Strengths of this study include its design, utilizing a partially blinded, four condition, crossover design including a BRJ supplement, a placebo supplement with negligible NO3 − content, a NaNO3 solution matched for BRJ NO3 − content, and a no treatment control. Many previous investigations have speculated other bioactive compounds within BRJ may act synergistically with NO3 −. By including a NO3 − matched NaNO3 treatment in our study, we were able to examine potentially mechanistic differences in response between BRJ, PLA, and NaNO3 with our results indeed suggesting the presence of a synergistic effect from BRJ. Weaknesses in our study include the inability to blind participants to treatment (NaNO3 treatment and CON), a small sample size, and racial homogeneity, making it difficult to generalize our findings. However, only 2 of our 16 participants failed to significantly improve their TTE when supplemented with BRJ compared to CON.
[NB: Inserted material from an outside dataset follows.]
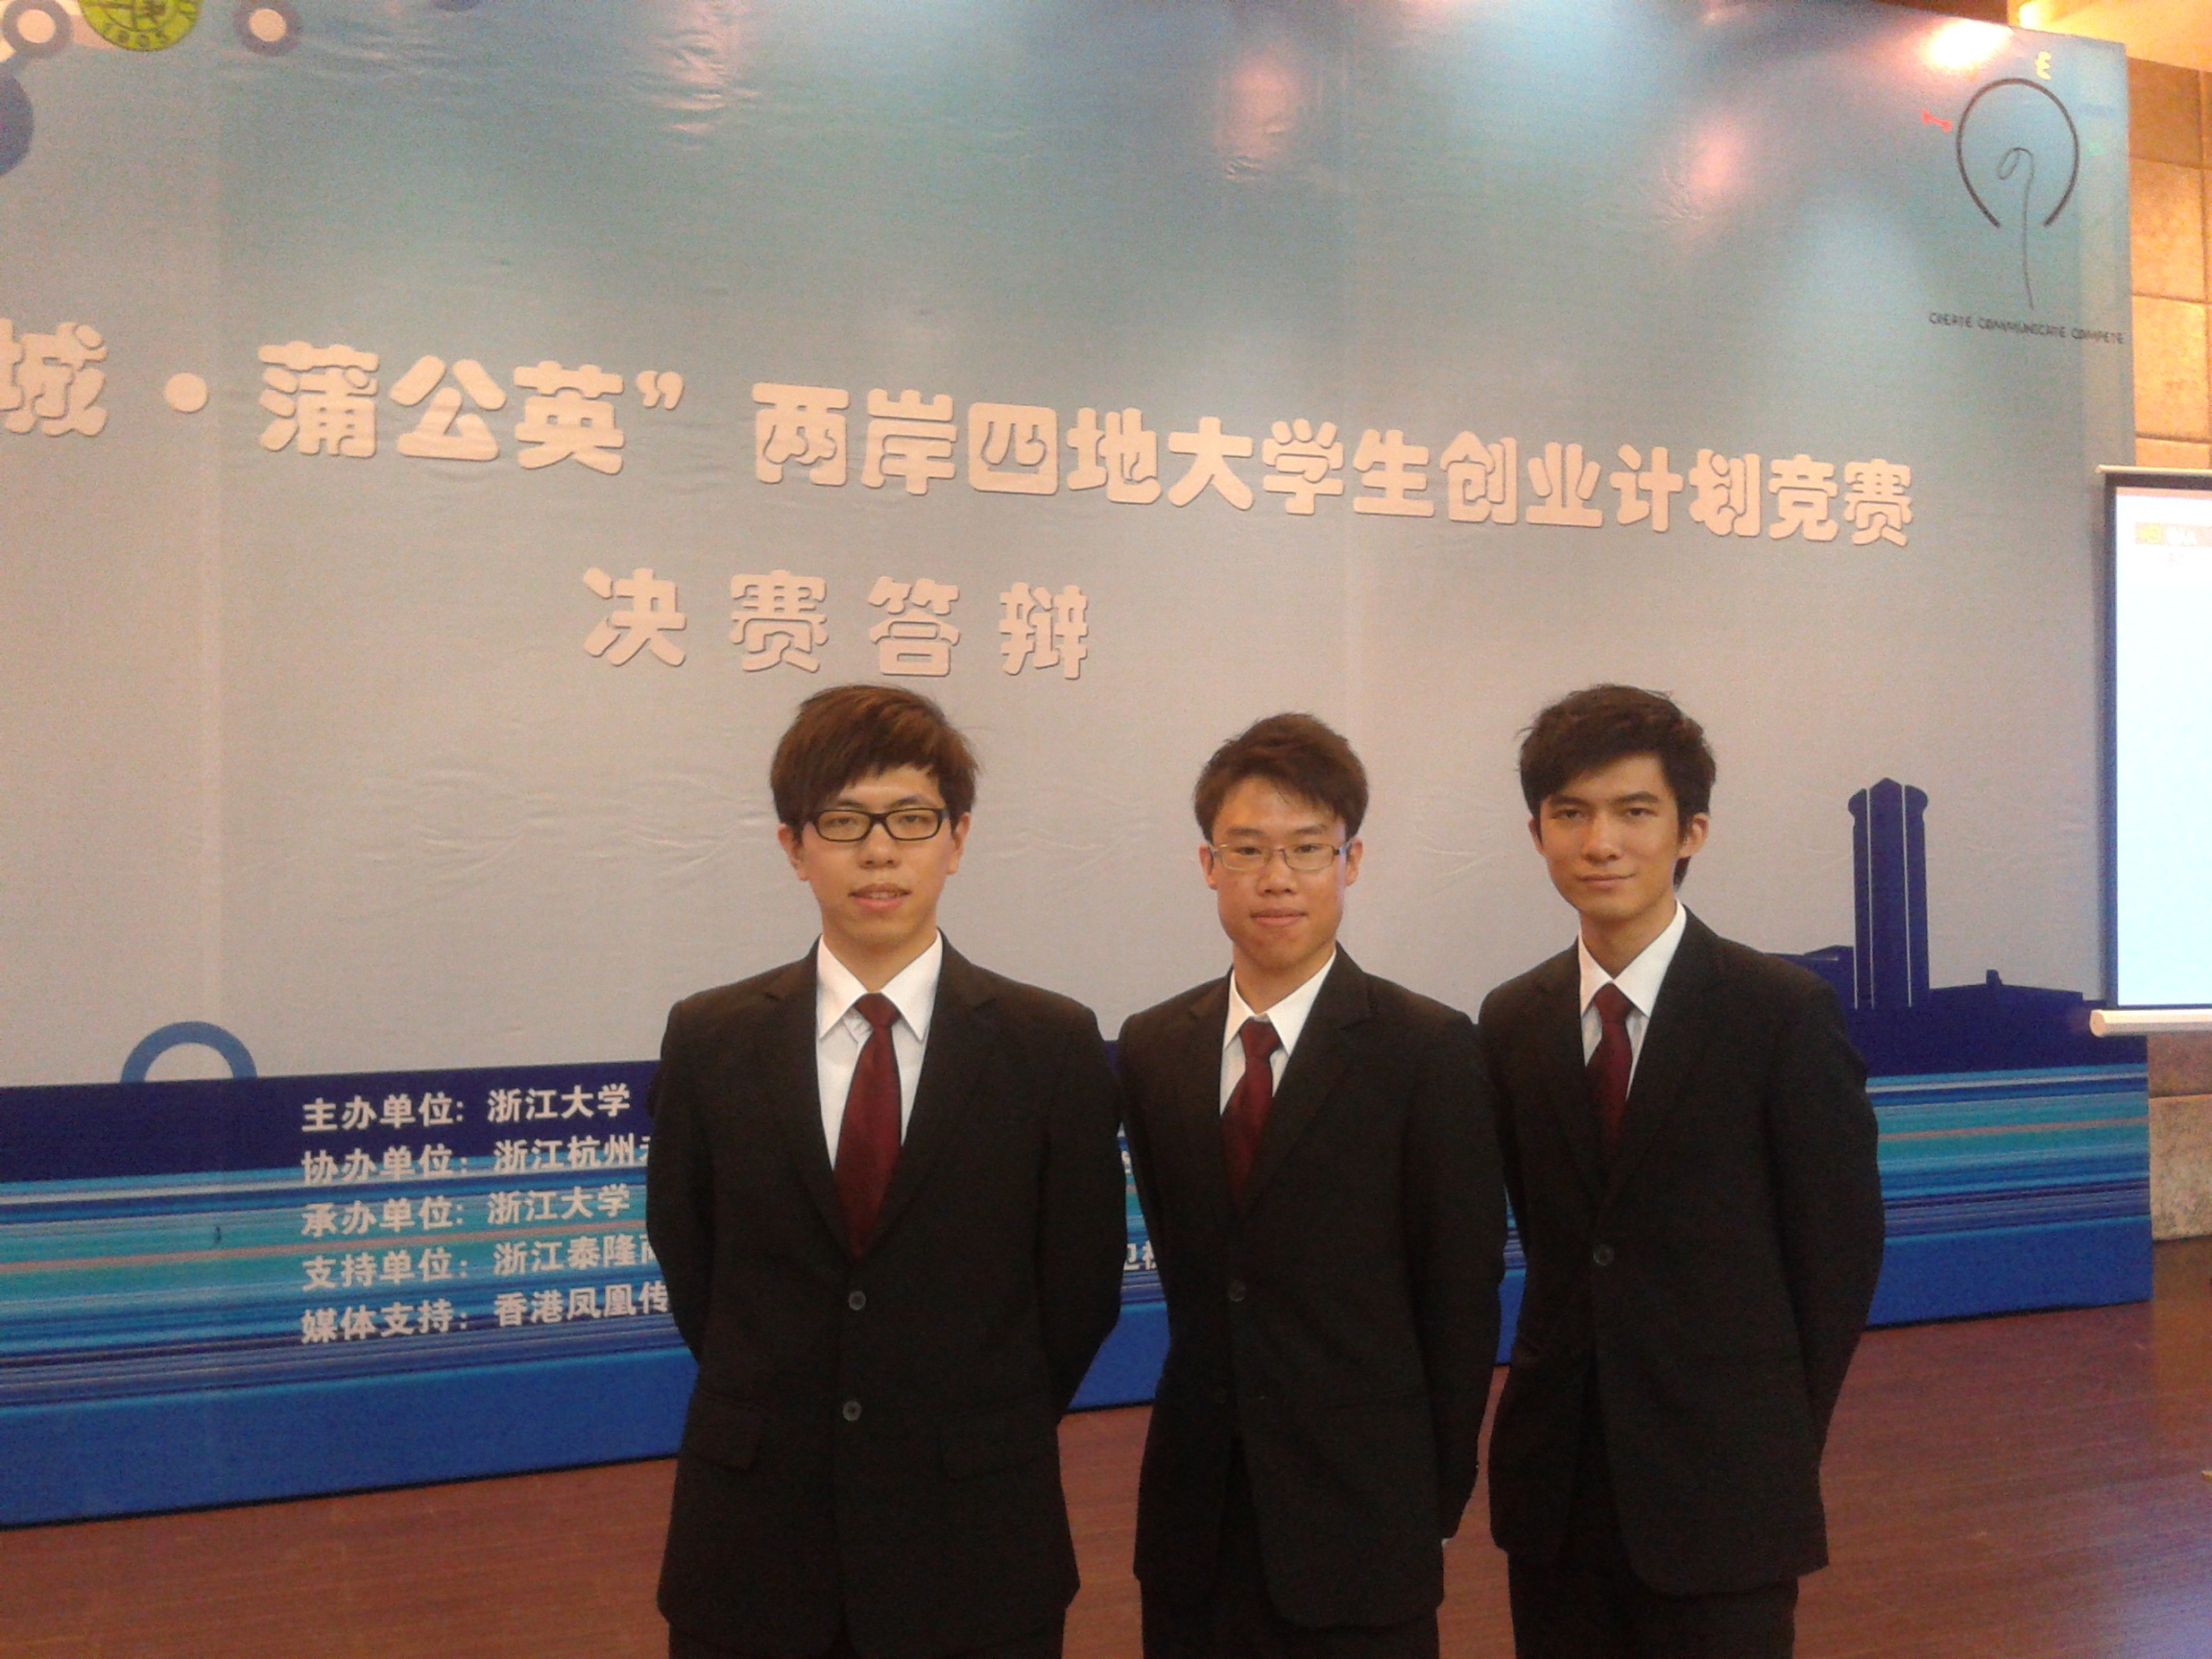 左起:羅建勛 、周梓浲及黃卓榮攝於杭州浙江大學

In conclusion, in individuals with obesity, acute supplementation with inorganic dietary nitrate‐rich BRJ, significantly increased [NO3 −] and [NO2 −] measured in both saliva and plasma. Additionally, VO2 during submaximal exercise was decreased by ~7%, and perhaps most notable was a ~22% improvement in time to exhaustion observed in the BRJ condition over control. These results taken together suggest that acute supplementation with BRJ is an effective strategy for improving exercise tolerance and efficiency in individuals with obesity. With reduced participation in physical exercise being hallmark of those with obesity, perhaps in part due to insufficient or impaired NO bioavailability, regular supplementation with BRJ may improve NO status and in turn improve exercise‐related outcomes in individuals with obesity. Regular physical exercise has been implicated in the long‐term success of weight loss maintenance. Thus, identifying novel strategies to improve exercise participation among individuals with obesity is of critical importance. Outcomes from this study suggest that BRJ, may be an easily obtained, cost‐effective nutraceutical to assist easing the burden of exercise and perhaps improve participation in and adherence to exercise.

CONFLICT OF INTEREST

The authors have no conflict of interest.

AUTHOR CONTRIBUTION

GF, CB, RP, KR, BL, and KA performed the experiments, GF, CB, KA, KR, and JF analyzed data and interpreted results of experiments. CB drafted manuscript. GF, RP, and JF edited and revised manuscript. GF, CB, and RP conceptualized and designed the experiments. All authors approved final version of manuscript.

ETHICAL STATEMENT

The protocol for this study was reviewed and approved by the institutional review board at the University of Alabama at Birmingham. Informed consent was obtained from all study participants.